_DATASET EXCERPTS_:
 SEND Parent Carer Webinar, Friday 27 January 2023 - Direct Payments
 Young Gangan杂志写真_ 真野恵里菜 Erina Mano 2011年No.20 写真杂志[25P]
---
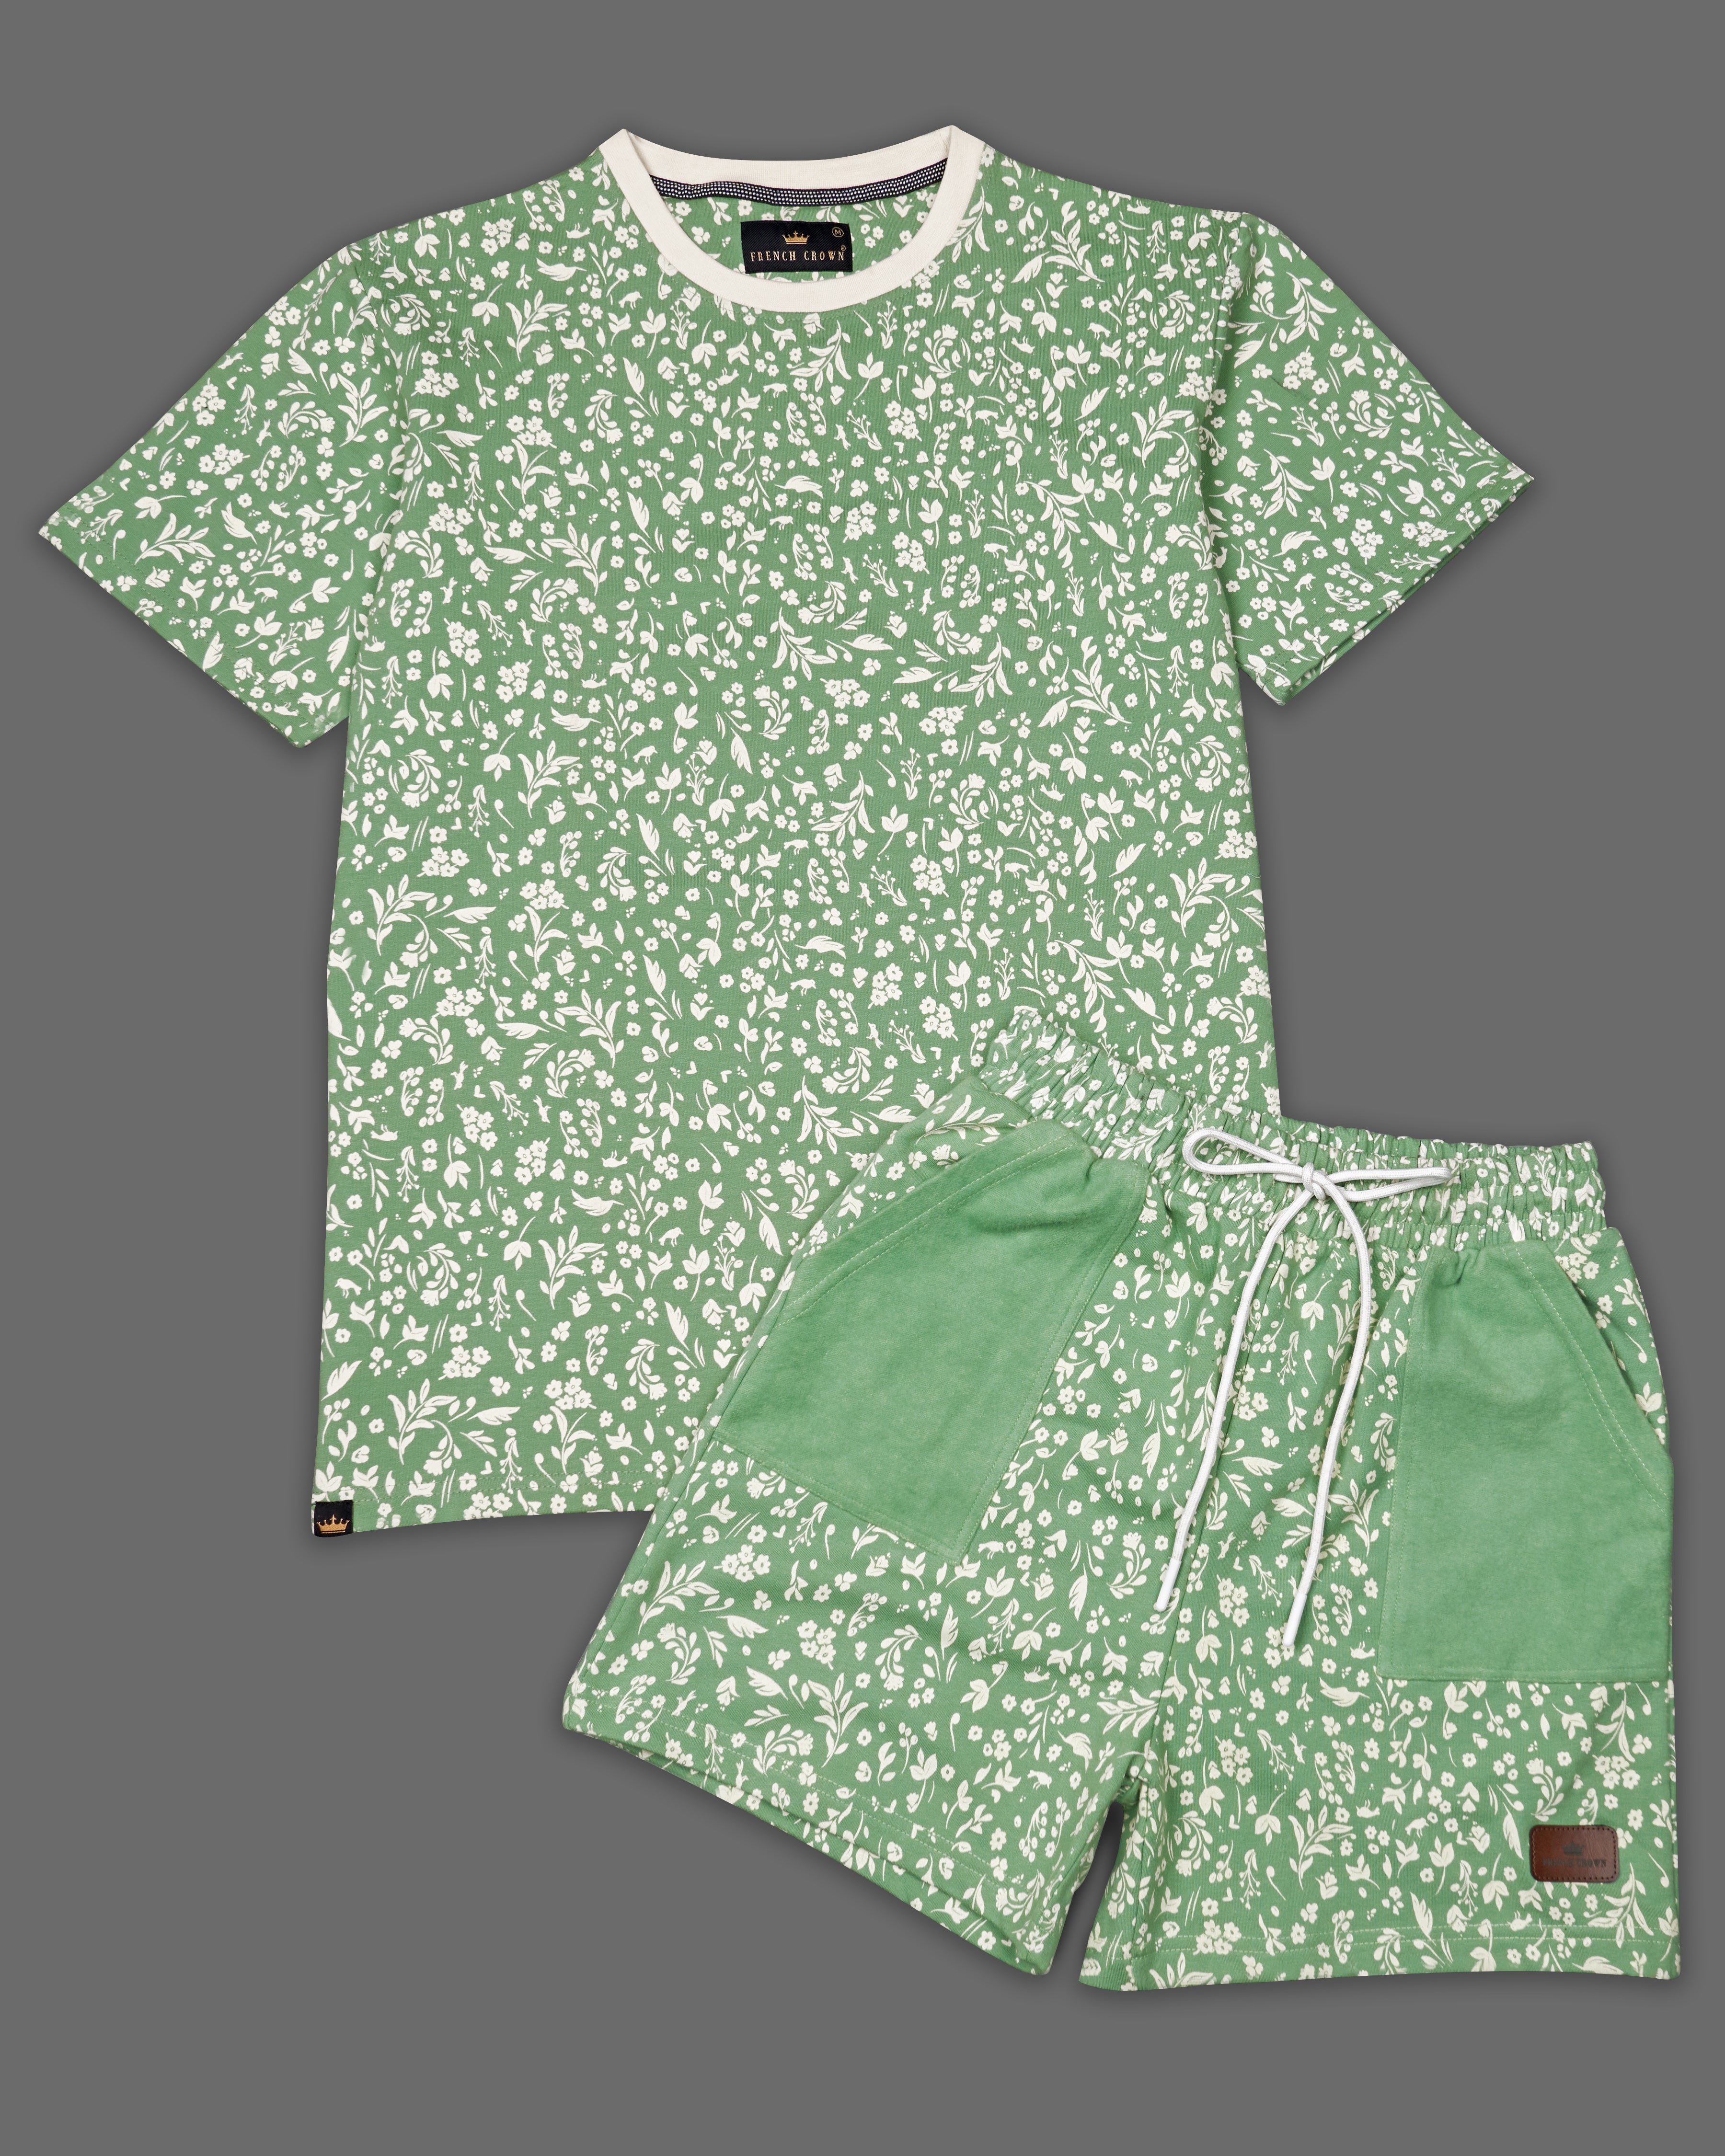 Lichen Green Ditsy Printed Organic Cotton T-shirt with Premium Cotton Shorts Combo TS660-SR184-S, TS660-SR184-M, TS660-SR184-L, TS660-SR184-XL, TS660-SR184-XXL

_WHAT TO WORK ON_: Take the entries above and return only the lines from the one with "SEND Parent Carer" to the one with "Young Gangan杂志写真_ 真野恵里菜", both included, unchanged.

_RESPONSE_:
 SEND Parent Carer Webinar, Friday 27 January 2023 - Direct Payments
 Young Gangan杂志写真_ 真野恵里菜 Erina Mano 2011年No.20 写真杂志[25P]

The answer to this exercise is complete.